What's this hugemous metal canister under the exhaust manifold on this engine? Is that the particulate filter?


----------



## 70AARCUDA (Nov 14, 2010)

...here's the *Sargent Friday *(_'...just the *facts*, ma'am...'_) summary:

• 2.0L turbo-diesel, 148 hp (110 kW) / 258 lb-ft (350 Nm) @ 2000 rpm
• 16.5:1 compression ratio
• 10-seconds of 280 lb-ft (380 Nm) "over-boost"
• 408 lbs (185 kg) engine weight
• Iron block, aluminum head and intake manifold
• *Rubber* (not chain!) timing belt
• B20 bio-diesel compatibility
• Exhaust particulate filter & urea injection (4.5 gal tank)

...so, we get a *detuned* 148 hp version of the 160 hp european/aussie diesel!?!


----------



## Sunline Fan (Jul 29, 2012)

jblackburn said:


> What's this hugemous metal canister under the exhaust manifold on this engine?
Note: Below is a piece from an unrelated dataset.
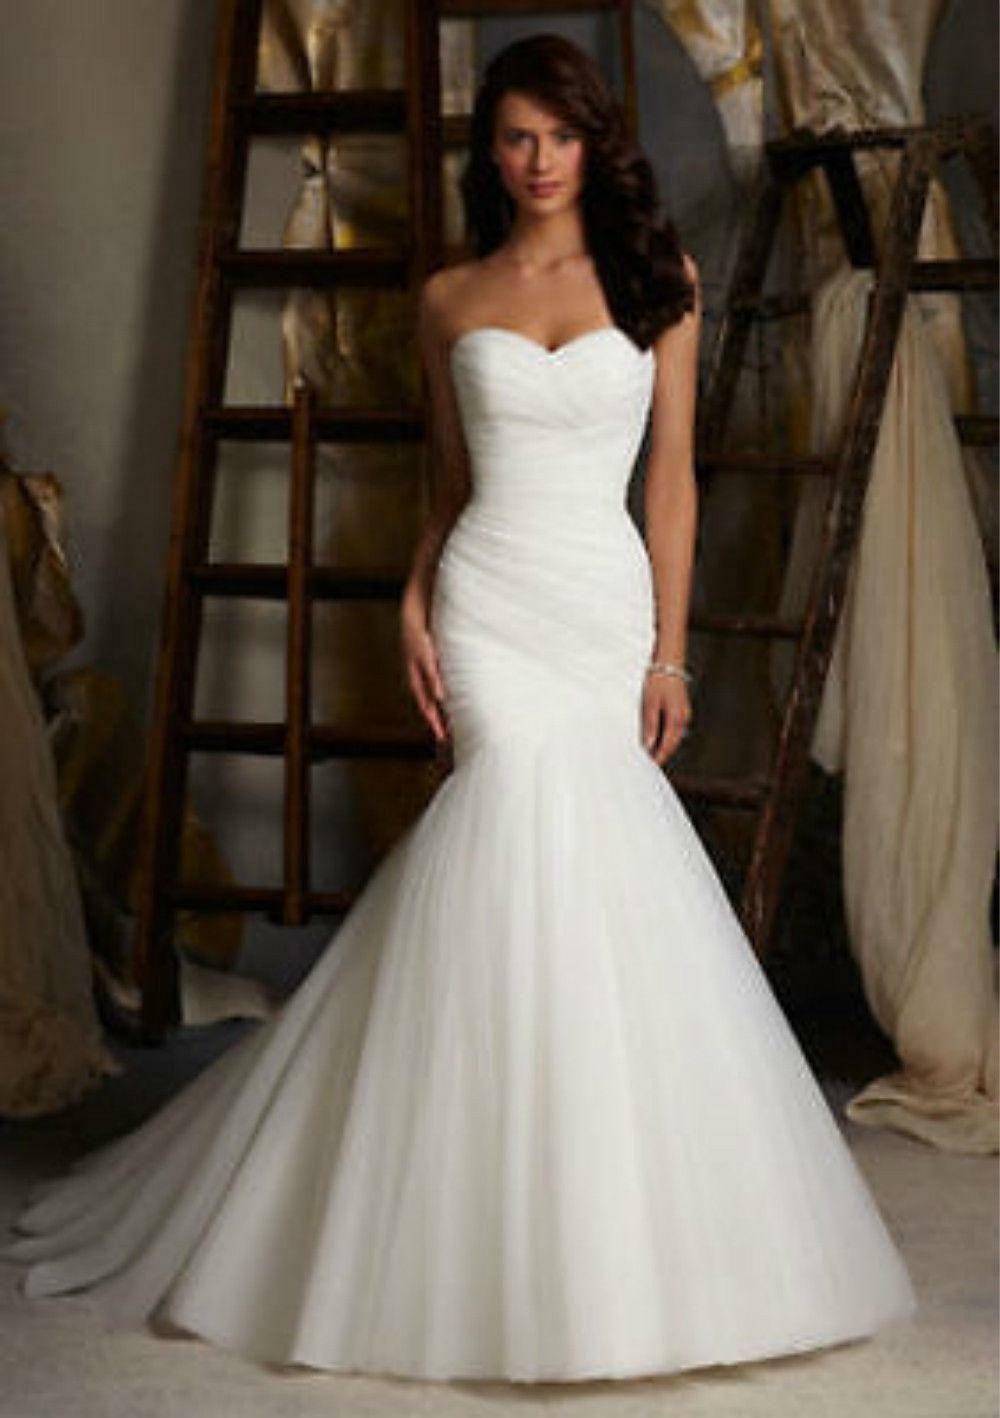 White Ivory Mermaid Wedding Dress Bridal Gown Size 6 8 10 12 14 16 Best Selling Ebay Strapless Wedding Dress Mermaid Wedding Dresses Wedding Dress Sizes [ 1418 x 1000 Pixel ]

Is that the particulate filter?


I bet it is. When my dad and I removed the one from his F-450, it was probably twice the size of that one if not more. The whole pipe assembly was probably 200#, and the replacement straight pipe was maybe 20#


----------



## Eugene_C (Mar 15, 2012)

70AARCUDA said:


> ...so, we get a *detuned* 148 hp version of the 160 hp european/aussie diesel!?!


They might argue that it's "re-tuned" for mileage or emissions or something. The mileage seems a bit higher. I am surprised they went for all that power. I guess I'm not surprised. They don't want to stereotype diesels as "slow" right out off the bat. Maybe we'll get a thriftier but slower version in the future.


----------